Self-sufficiency and autonomy can keep us from being beaten by the storms in life, but they can also keep us from true intimacy. For a balanced relationship, both partners must depend on one another, feel needed and appreciated.
Being let down in past relationships can leave us feeling like needing someone is a scary consideration. Opening up can lead us to a vulnerable and exposed place, but these are necessary for a trusting, intimate partnership. Though some see vulnerability as a weakness, it is a real strength as we are allowing our true selves to be seen by another.

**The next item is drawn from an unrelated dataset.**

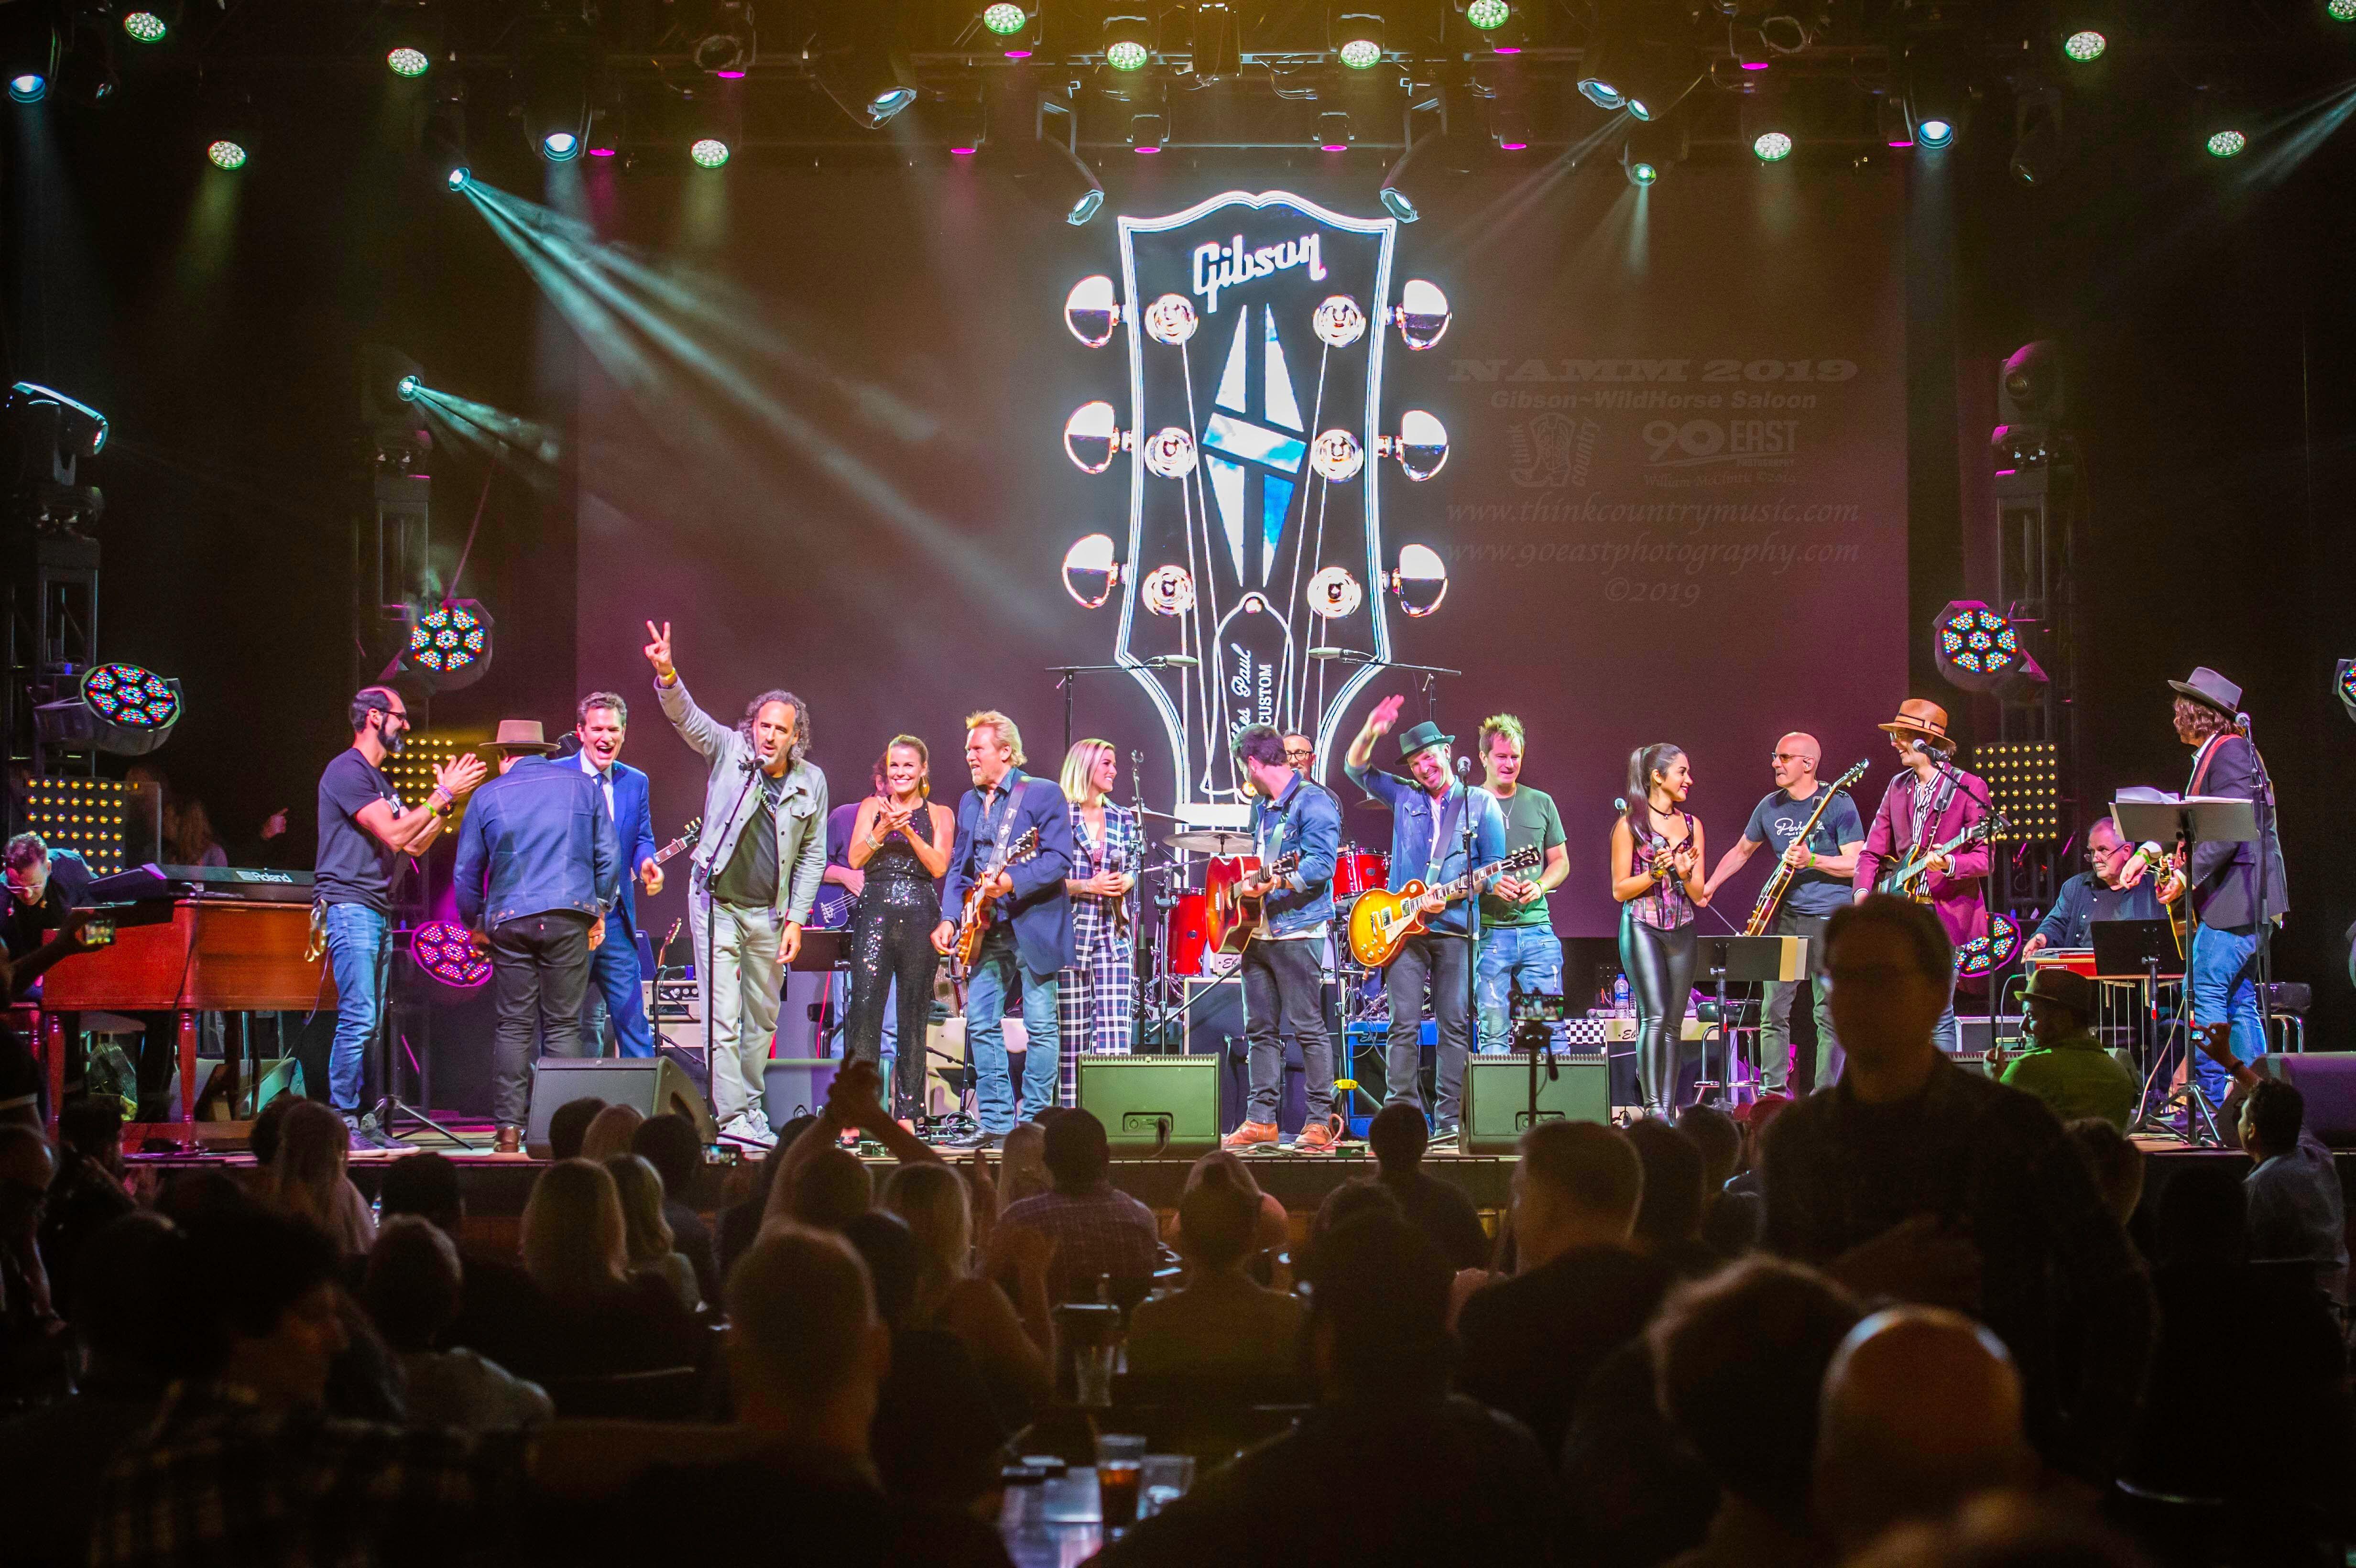 Gibson Summer NAMM Jam 2019 Rocks the Wildhorse

Shutting down our vulnerability completely closes off the opportunities that can provide meaning and purpose in life. Vulnerability can be defined as risk and uncertainty with emotional exposer. Based on this, falling in love is a huge risk because it is uncertain. However if you continually sabotage relationships it is likely due to a fear of this type of vulnerability. This fear can prevent total engagement with a partner. You could be shutting out love because of an unwillingness to share the innermost of your feelings, wishes, and thoughts.
What Drives the Fear?
Are you afraid parts of you will be unacceptable to a partner?
Do you feel safer and more in control at a distance?

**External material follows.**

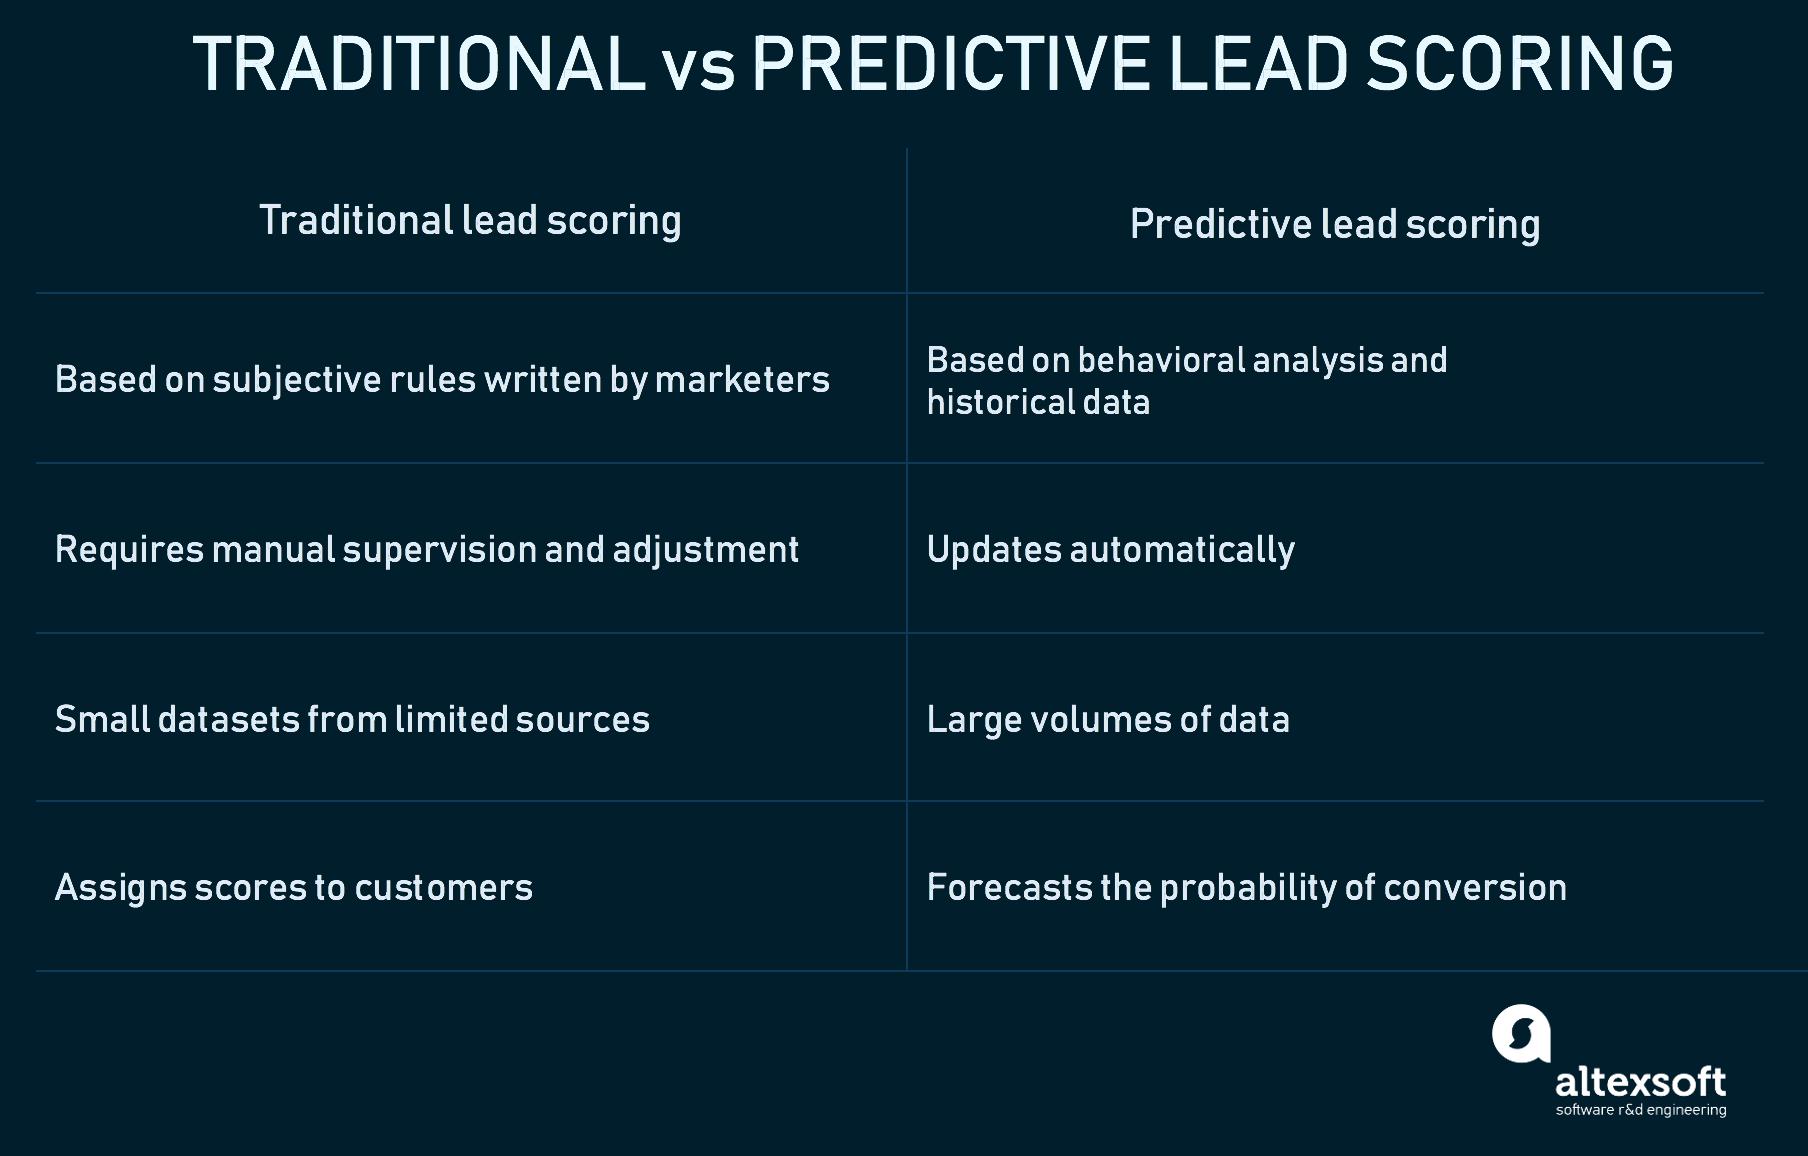 traditonal vs predictive lead scoring

Are you worried about being betrayed and abandoned?
Is shame stopping your vulnerability with others?
Too often, those afraid of intimacy will pick poor partners so they can keep a safe distance. This requires an in-depth examination of self to understand the fear and overcome it. Avoiding the issue will leave you drained of all energy.
Vulnerability Can Lead to Intimacy
Being willing to open up and be vulnerable does have benefits. These include:
- Vulnerability can increase a feeling of worthiness and enhance authenticity.
- It helps us achieve a sense of identity while growing closer to our partners.
- Being vulnerable allows us to ask for what we need and want.
- It allows trust to be built in relationships and others.
- When vulnerable, we can give and receive love fully.
Disengagement erodes a relationship, but through vulnerability with a partner, trust and intimacy are built. We must be willing to take the risk of falling in love. This means letting go of both fear and control. All relationships will have risks, but many are worth it, even if you have been hurt in the past. Start believing you are worthy of this type of love.
Help Yourself be Vulnerable
Intimacy is a source of comfort and predictability in a highly uncertain world. While some fear a relationship ending, all relationships end through death, a breakup, or divorce, so there is no need to worry about what cannot be controlled. Instead, try these techniques to help increase your vulnerability.
- Start by visualizing yourself in an open, honest, vulnerable relationship with a partner.
- Challenge any self-defeating thoughts and beliefs.
- Provide yourself a daily reminder that it is a healthy behavior to accept help from others. Leave the past in the past so that you can move forward in intimacy with your new partner. Practice the new skill slowly while tracking your progress.
- Give yourself permission to take risks by being vulnerable. Build this with your partner so you can get comfortable with your authentic self.
It is completely possible to not lose yourself and still be vulnerable. By trying, you will restore your faith in things like trust, intimacy, and love.